Records from a collection:
★ ★ ★ ★ ★
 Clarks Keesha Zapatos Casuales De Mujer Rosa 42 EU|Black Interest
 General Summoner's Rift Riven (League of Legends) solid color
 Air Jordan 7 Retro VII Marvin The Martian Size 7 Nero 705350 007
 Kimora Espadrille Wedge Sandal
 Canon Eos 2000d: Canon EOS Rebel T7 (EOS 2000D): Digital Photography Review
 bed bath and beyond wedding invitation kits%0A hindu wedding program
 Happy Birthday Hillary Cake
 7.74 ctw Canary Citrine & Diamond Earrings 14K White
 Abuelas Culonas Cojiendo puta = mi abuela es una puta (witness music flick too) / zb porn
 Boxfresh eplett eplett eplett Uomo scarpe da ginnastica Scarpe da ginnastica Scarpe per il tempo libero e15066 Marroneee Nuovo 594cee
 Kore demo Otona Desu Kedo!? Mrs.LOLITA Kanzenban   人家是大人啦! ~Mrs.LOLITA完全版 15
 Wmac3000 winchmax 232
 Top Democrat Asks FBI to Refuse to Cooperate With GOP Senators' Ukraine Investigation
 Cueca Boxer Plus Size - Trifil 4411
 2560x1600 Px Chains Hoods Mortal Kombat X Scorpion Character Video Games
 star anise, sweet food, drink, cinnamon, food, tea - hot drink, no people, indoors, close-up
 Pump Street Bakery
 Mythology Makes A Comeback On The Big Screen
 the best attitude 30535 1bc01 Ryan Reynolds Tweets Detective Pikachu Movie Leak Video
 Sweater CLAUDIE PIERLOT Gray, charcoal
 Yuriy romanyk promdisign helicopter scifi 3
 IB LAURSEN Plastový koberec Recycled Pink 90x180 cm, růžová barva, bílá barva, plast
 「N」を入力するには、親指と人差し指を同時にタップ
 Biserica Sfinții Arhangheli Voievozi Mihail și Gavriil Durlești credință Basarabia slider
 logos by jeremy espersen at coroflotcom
★ ★ ★ ★ ★
> **TO DO**: Scan the records above for the string "Video", and copy every line where it turns up.

> **OUTPUT FOR THIS TASK**:
 2560x1600 Px Chains Hoods Mortal Kombat X Scorpion Character Video Games
 the best attitude 30535 1bc01 Ryan Reynolds Tweets Detective Pikachu Movie Leak Video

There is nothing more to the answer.